For no art and no religion is possible until we make allowances
For no art and no religion is possible until we make allowances, until we manage to keep quiet the enfant terrible of logic that plays havoc with the other faculties.
John Crowe Ransom, poet and thinker of the modern age, declared with piercing clarity: “For no art and no religion is possible until we make allowances, until we manage to keep quiet the enfant terrible of logic that plays havoc with the other faculties.” In this utterance lies a profound insight: that while logic is a noble servant, it is also a dangerous master. If given unchecked reign, it strips life of mystery, beauty, and awe, leaving only cold calculation where once there was wonder. Ransom warns us that to create art, or to experience religion, we must learn to quiet the restless voice of rationality, not to destroy it, but to prevent it from devouring the deeper faculties of imagination, faith, and love.
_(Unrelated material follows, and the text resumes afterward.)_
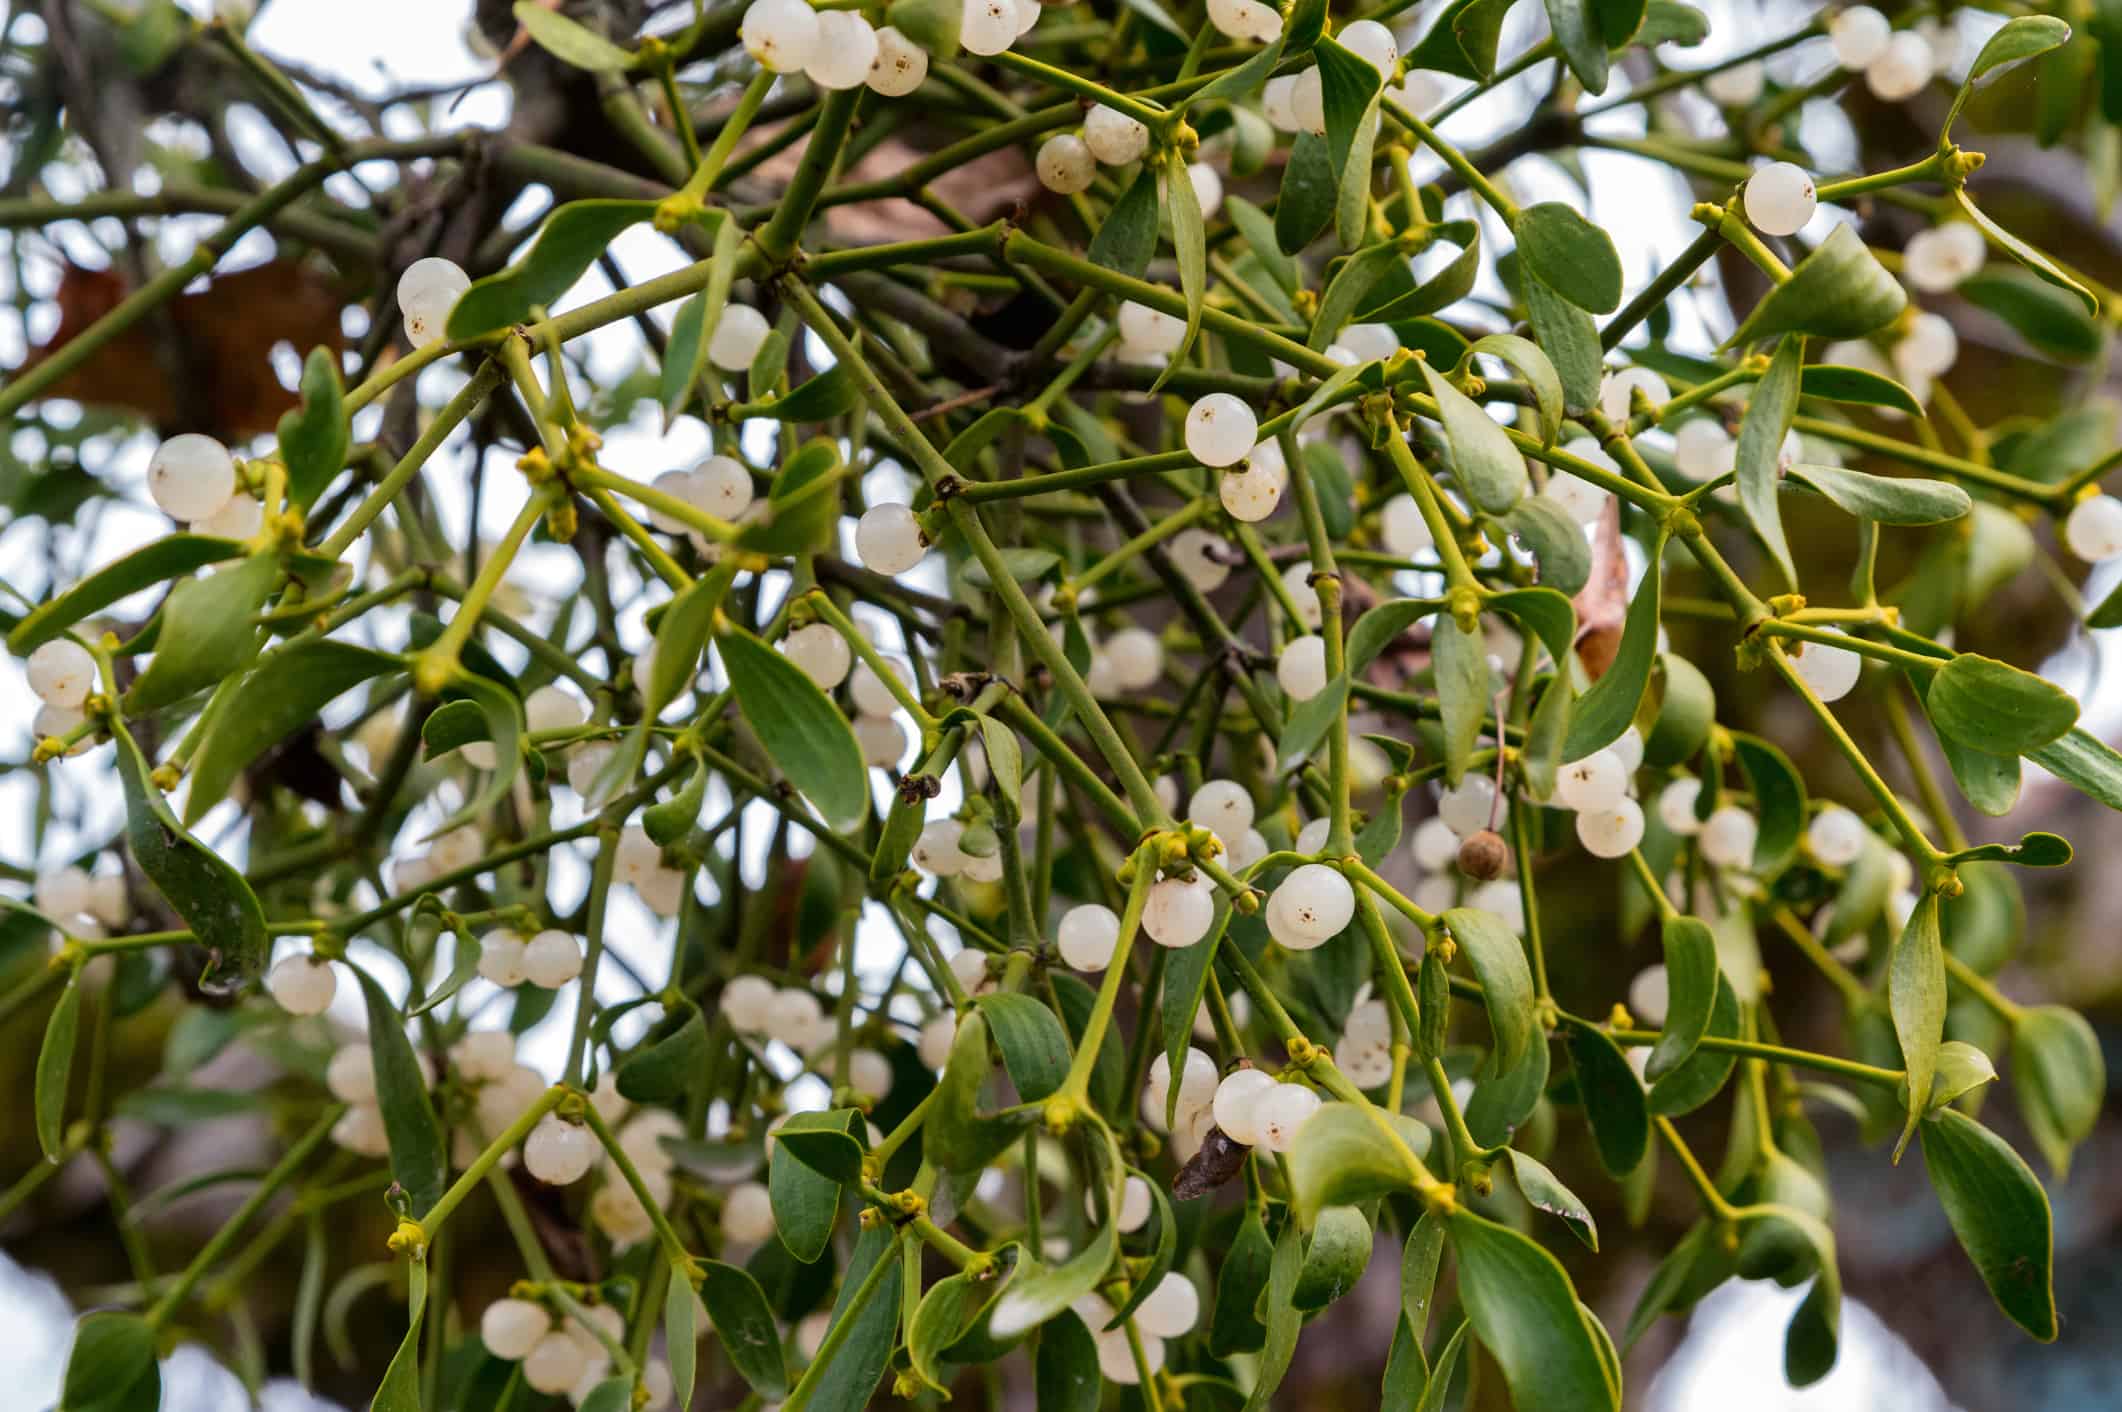 Branch of mistletoe or viscum with white fruits.
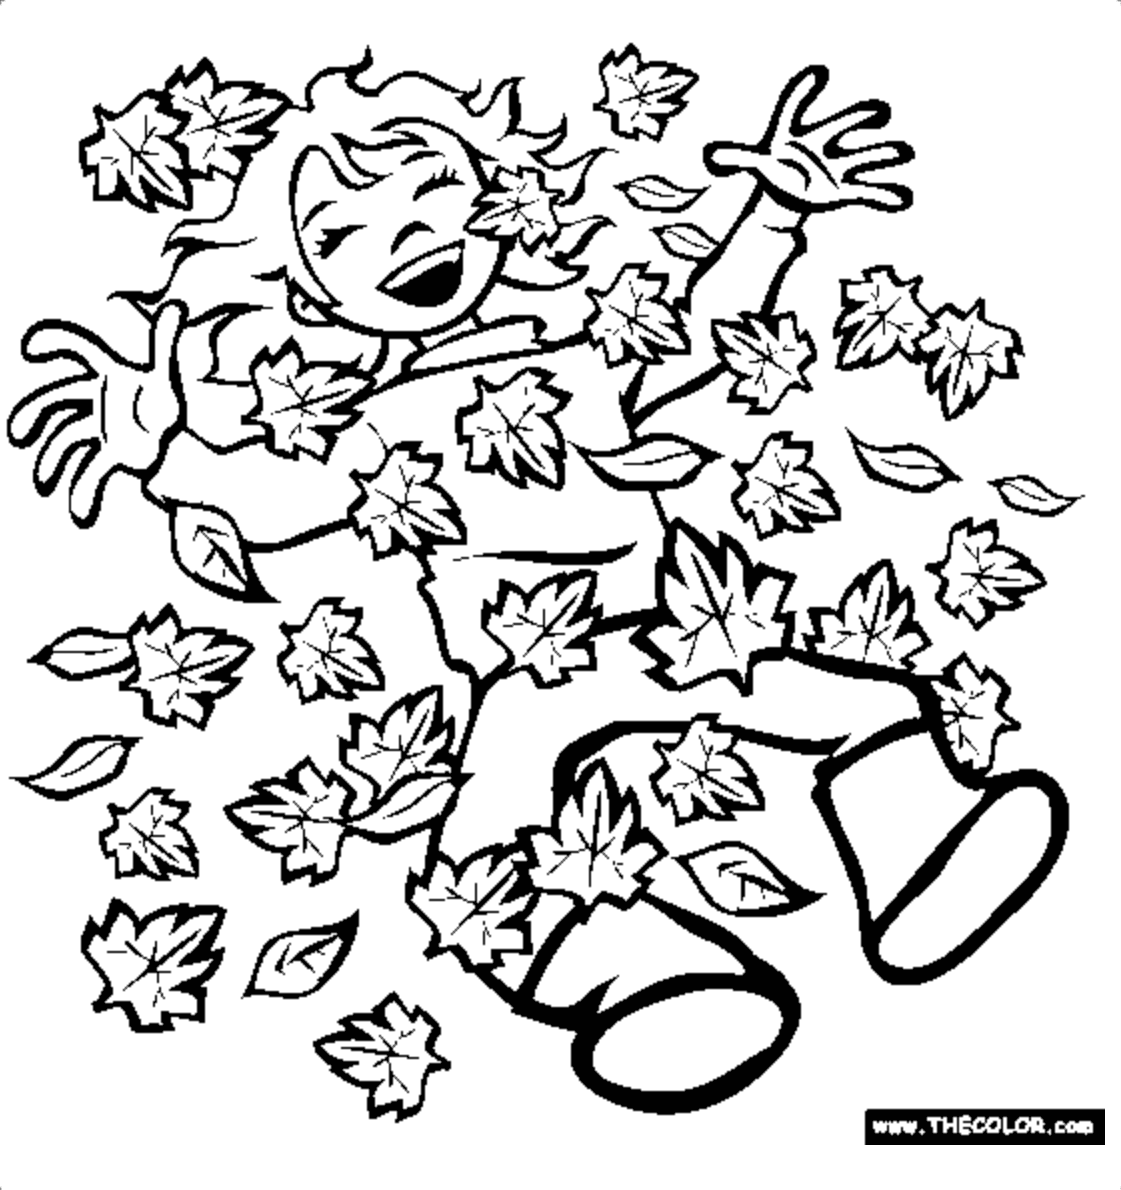 Places to find free autumn and fall coloring pages

The ancients knew this well. Plato himself, though master of reason, taught that poetry touches truths that logic alone cannot capture. The mystics of every tradition have spoken of the limits of reason before the infinite. For religion requires a leap beyond what can be measured, and art demands surrender to intuition, to feeling, to inspiration that logic cannot dissect without killing. Just as a butterfly cannot be pinned to the table without losing its flight, so too the soul of faith and beauty dies when reduced to mere analysis.
Consider the story of Beethoven. Deaf and suffering, he composed symphonies that shook the heavens, music that reason could never have constructed step by step. The mathematician may chart the frequencies of sound, the physicist may measure vibrations, but the art that arose from his heart was beyond the reach of calculation. Had Beethoven listened only to the “enfant terrible of logic,” he might have surrendered to despair, declaring that music was impossible without hearing. Yet by silencing logic’s havoc and yielding to imagination and spirit, he gave the world a gift eternal.
So too in religion. If faith is forced into the cage of proof and syllogism, it withers. The mystic who kneels in prayer, the saint who sees God in the face of the poor, the seeker who finds meaning in silence—all live beyond the grasp of pure reason. Logic asks: “Can you prove it?” Faith answers: “Can you live without it?” Ransom reminds us that for religion to breathe, we must allow mystery, reverence, and humility to rise above the demand for certainty.
Yet do not misunderstand: Ransom does not despise logic. He calls it an enfant terrible, a child brilliant but unruly, mischievous yet necessary. It must be guided, restrained, balanced by the other powers of the soul. Logic is a lantern, but life requires also the sun; it illuminates details but cannot encompass the vast horizon. Only when we learn to place logic in harmony with imagination, conscience, and wonder can we live fully, can we create great art, can we experience the divine.
History bears witness. The Enlightenment exalted reason, yet in its shadow arose Romanticism, poets and painters who cried out that life is not numbers alone. William Blake saw visions where others saw only factories and smoke. Dostoevsky probed the depths of faith where reason faltered. These were voices reclaiming the soul from the havoc of unchecked rationality, restoring balance between the faculties of man. Their cry was the same as Ransom’s: silence the enfant terrible, and let the deeper music of the soul be heard.
The lesson is clear: cultivate logic, but do not let it reign unchallenged. Give space in your life for mystery, for imagination, for reverence. Do not demand that every truth be proven, nor every beauty dissected. Allow yourself to wonder at the stars without needing to measure them, to weep at a poem without analyzing it, to pray without demanding evidence. For in these moments, you will discover what logic cannot give: the fullness of life.
So, O children of tomorrow, remember this: no art and no religion is possible without allowance, without humility before mystery. Train your reason, but also nourish your imagination, your compassion, your awe. Keep logic as a servant, not a master, lest it rob you of wonder. For man does not live by proof alone, but by beauty, by faith, by the silent music of the soul. In this harmony lies the fullness of our humanity.